GWT False Reporting or GoogleBot has weird crawling ability?
-
Hi I hope someone can help me.
I have launched a new website and trying hard to make everything perfect. I have been using Google Webmaster Tools (GWT) to ensure everything is as it should be but the crawl errors being reported do not match my site. I mark them as fixed and then check again the next day and it reports the same or similar errors again the next day.
Example:
http://www.mydomain.com/category/article/ (this would be a correct structure for the site).
GWT reports:
http://www.mydomain.com/category/article/category/article/ 404 (It does not exist, never has and never will) I have been to the pages listed to be linking to this page and it does not have the links in this manner. I have checked the page source code and all links from the given pages are correct structure and it is impossible to replicate this type of crawl.

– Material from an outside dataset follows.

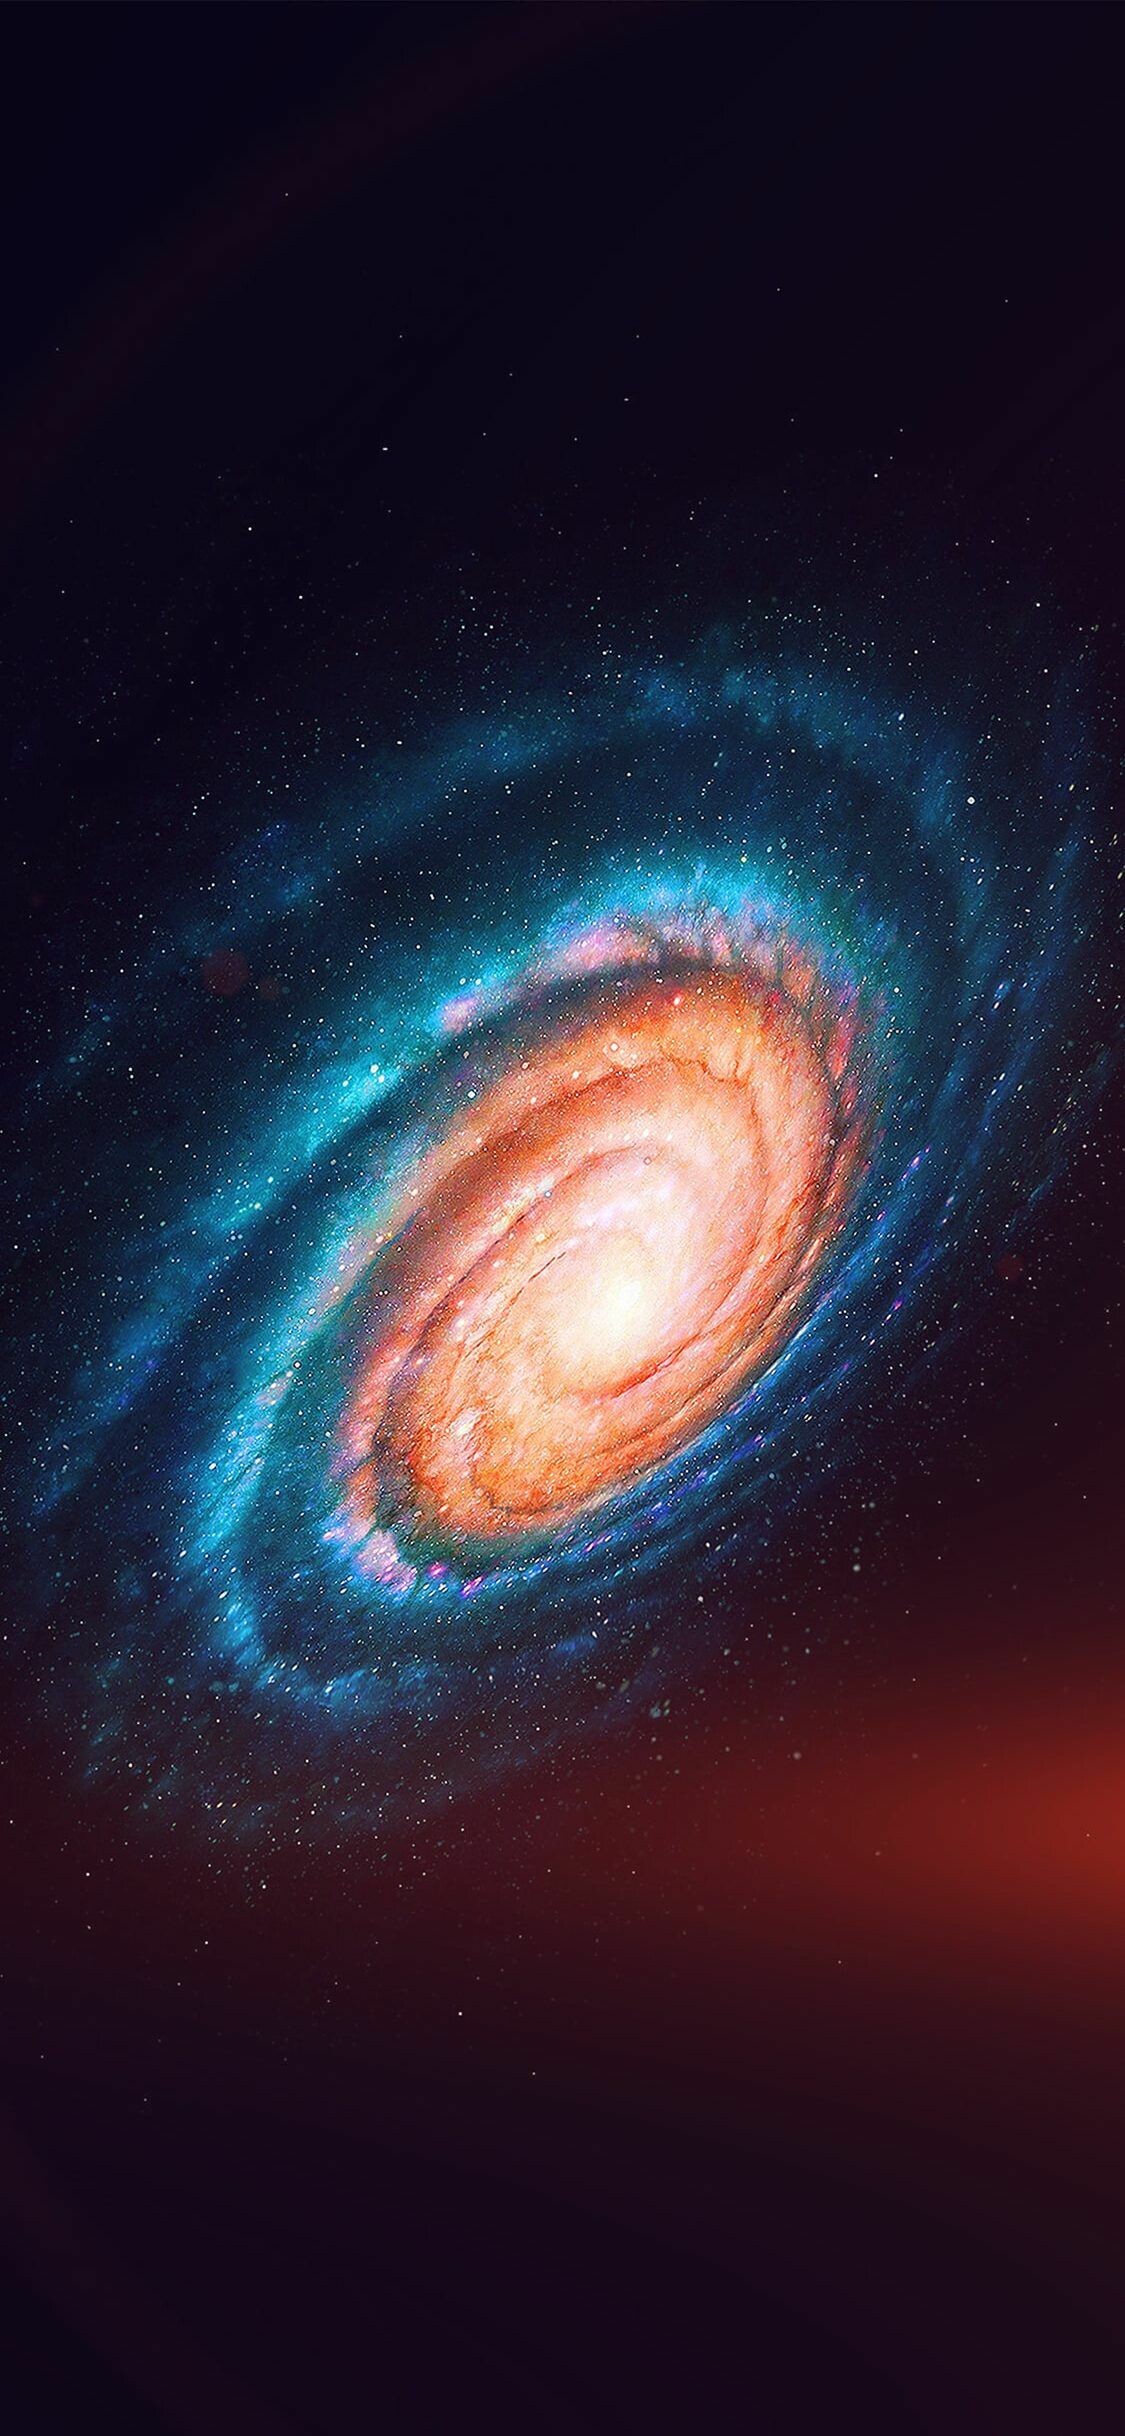 Outer Space: Zodiacal light, Interstellar radiation field, Extragalactic nebula. 1130x2440 HD Wallpaper.

This happens accross most of the site, I have a few hundred pages all ending in a trailing slash and most pages of the site are reported in this manner making it look like I have close to 1000, 404 errors when I am not able to replicate this crawl using many different methods.
The site is using a htacess file with redirects and a rewrite condition.
Rewrite Condition:
Need to redirect when no trailing slash
RewriteCond %{REQUEST_FILENAME} !-f
RewriteCond %{REQUEST_FILENAME} !.(html|shtml)$
RewriteCond %{REQUEST_URI} !(.)/$
RewriteRule ^(.)$ /$1/ [L,R=301]The above condition forces the trailing slash on folders.
Then we are using redirects in this manner:
Redirect 301 /article.html http://www.domain.com/article/
In addition to the above we had a development site whilst I was building the new site which was http://dev.slimandsave.co.uk now this had been spidered without my knowledge until it was too late. So when I put the site live I left the development domain in place (http://dev.domain.com) and redirected it like so:
<ifmodule mod_rewrite.c="">RewriteEngine on
RewriteRule ^ - [E=protossl]
RewriteCond %{HTTPS} on
RewriteRule ^ - [E=protossl:s]RewriteRule ^ http%{ENV:protossl}://www.domain.com%{REQUEST_URI} [L,R=301]</ifmodule>
Is there anything that I have done that would cause this type of redirect 'loop' ?
Any help greatly appreciated.\
-
Yeah - do this!
-
Anyone any thoughts on this?
-
Sorry I also should add that the url structure that google generates is like this:
http://www.domain.com/category/article/
http://www.domain.com/category/article/same-category/differentarticle/
http://www.domain.com/category/article/same-category/another-different-article/
http://www.domain.com/category/article/another-different-category/differentarticle/
etc, it is like it gets to a category article and then moves sideways and somehow adds the move onto the current url without keeping hold of the suffix of the URL
-
Doesn't sound like GWT is false reporting. May want to check your trailing slash URL rewrite. It seems like there is an issue there as what you are describing sounds like the URLs are being written incorrectly and causing the incorrect URLs to be generated and show up in GWT.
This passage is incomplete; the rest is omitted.